In his replying affidavit the second respondent gives the names of a number of villages which have been cut from the ward of Likhoele by the new boundary. He insists that Annexure "A" is not irrelevant because it clearly shows that the Resident Commissioner and the Paramount Chief recognized the place as being in the ward of Likhoele.
The issue before this Court is not to go into merits of the dispute which was before the Ad-Hoc Boundary Committee appointed by the Minister of Interior in terms of section 5 (10) of the Chieftainship Act of 1968. The issue is whether at the hearing of the dispute the Committee gave the second applicant an opportunity to be heard. In terms of section 5 (12) (b) of the Chieftainship Act of 1968 (the Act) 'on the appointed day the committee shall receive such representations, either oral or written or both, as the Chief and his witnesses, as well as any other Chief who has a direct interest in such determination, and his witnesses, may wish to make.'
Annexure "8" which is the decision of the Committee
reveals at page 2 that after the first applicant (in fact it was his late father Chief Leshoboro Seeiso) had given a short explanation he introduced the second applicant as the person who would prosecute his case. The first thing the second applicant did was to call his first witness, Mohaeea Posholi. He gave his evidence and described the boundary. After that the second applicant handed in Exhibit "A" which is a document describing a boundary which was determined on the 12th and 13th days of July, 1894. It is also alleged that the second applicant handed in a map he had drawn to indicate the boundary.
In paragraph 3 of his replying affidavit the second applicant does not specifically deny that he handed in the two documents mentioned above. He merely avers that he insists that he was not given a full hearing. He was allowed to hand in two documents and I see no reason why the Committee could refuse to accept another document and elect to accept only two documents. The truth of the matter seems to be that he made no attempt to hand in that document. He either did not have it in his possession at the relevant time or he decided that it was irrelevant to the proceedings. The second applicant has himself ' to blame for concealing from the Committee what he now regards as vital evidence in the proceedings. I reject entirely his allegation that the Committee refused to allow him to hand in that document.
The decision shows that after he handed in the document evidencing the boundary which was. determined in 189 4 the second applicant was cross-examined by members of the Committee as well as the Chief of Matelile. His answers were evidence which the Committee considered.

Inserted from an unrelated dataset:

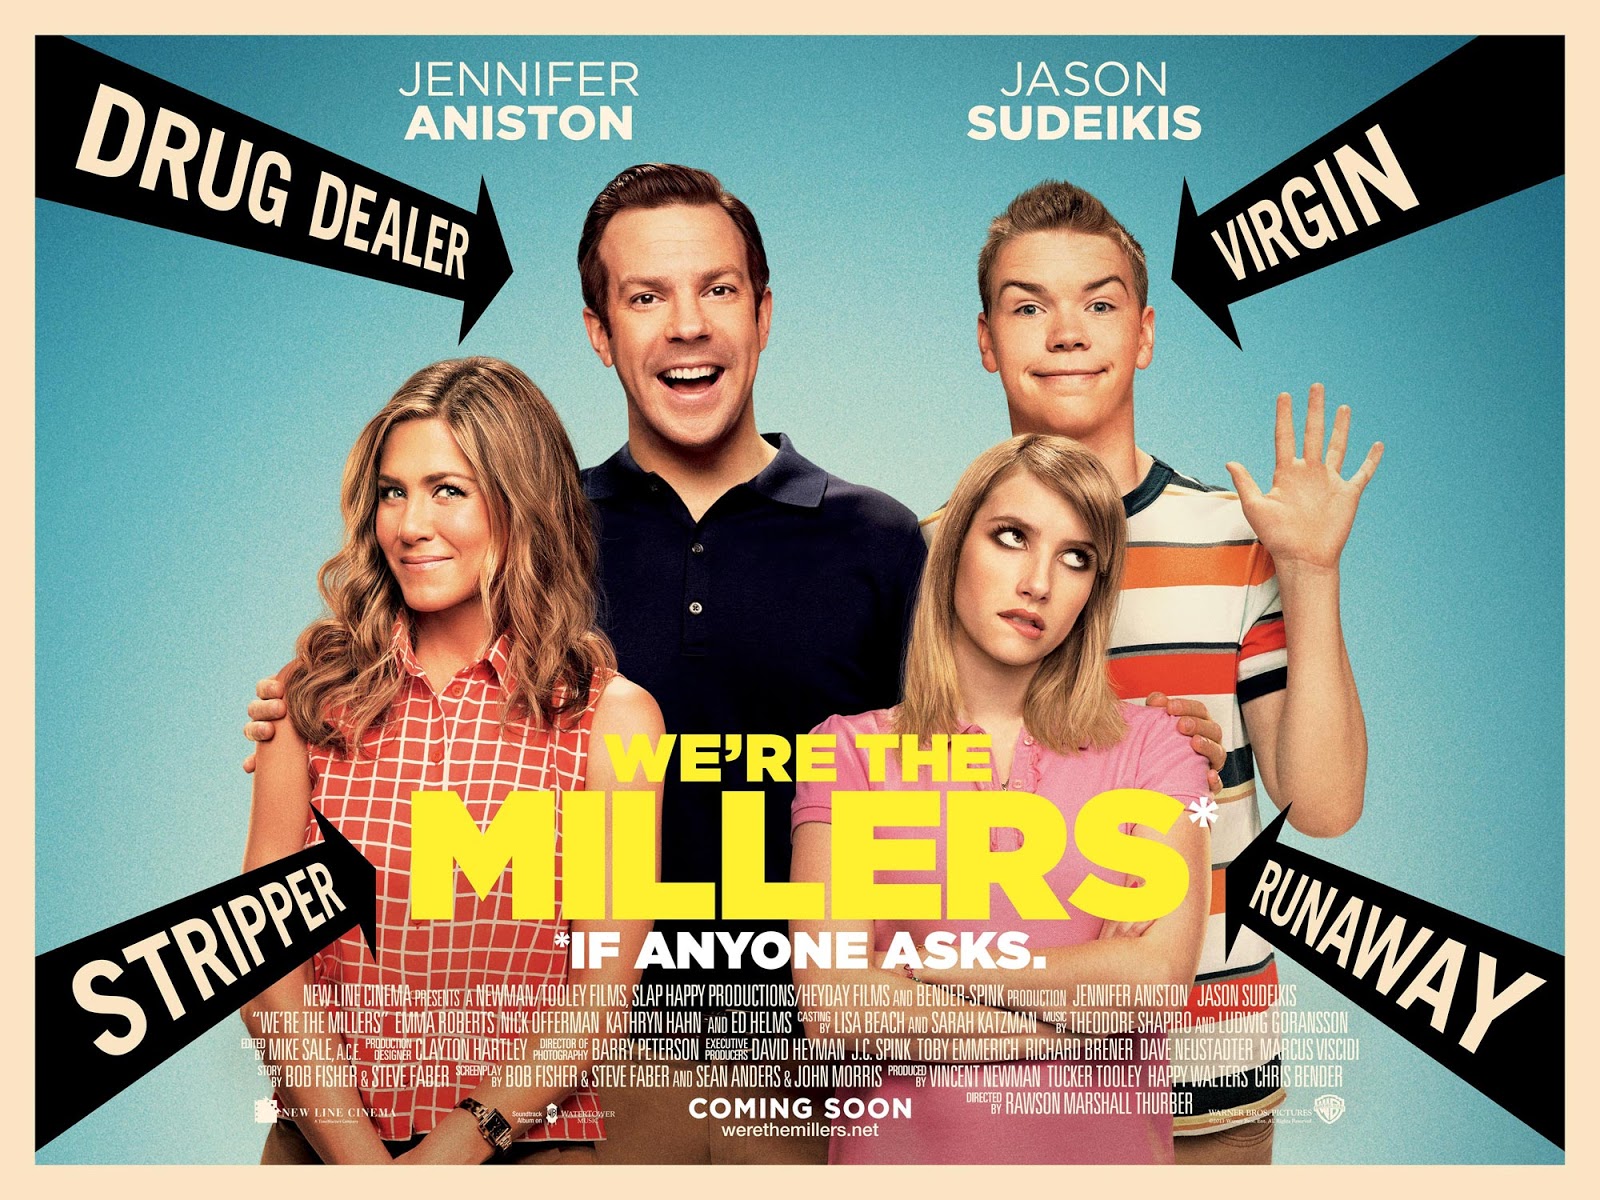 The Source We're The Millers Sequel Is Happening; Writers Hired

At the inspection in loco the second applicant took it upon himself to point out the boundary. The pointing out was real evidence given by the second applicant (See R. v. Sewpaul, 1949 (4) S.A.978). The applicant cannot be heard to say that he was not allowed a chance to be heard when he not only handed in documents but he also attended an inspection in loco and pointed out the boundary,
I shall avoid to go into the merits of this case because all what I am called upon to decide is whether or not the audi alteram partem rule was infringed. For the reasons I have given above I am of the view that it was not infringed.
In the result the application is dismissed with costs.
J.L. KHEOLA JUDGE
18th November, 1991
For Applicants - Mr. Maqutu For Respondents .- Mr. Letsie.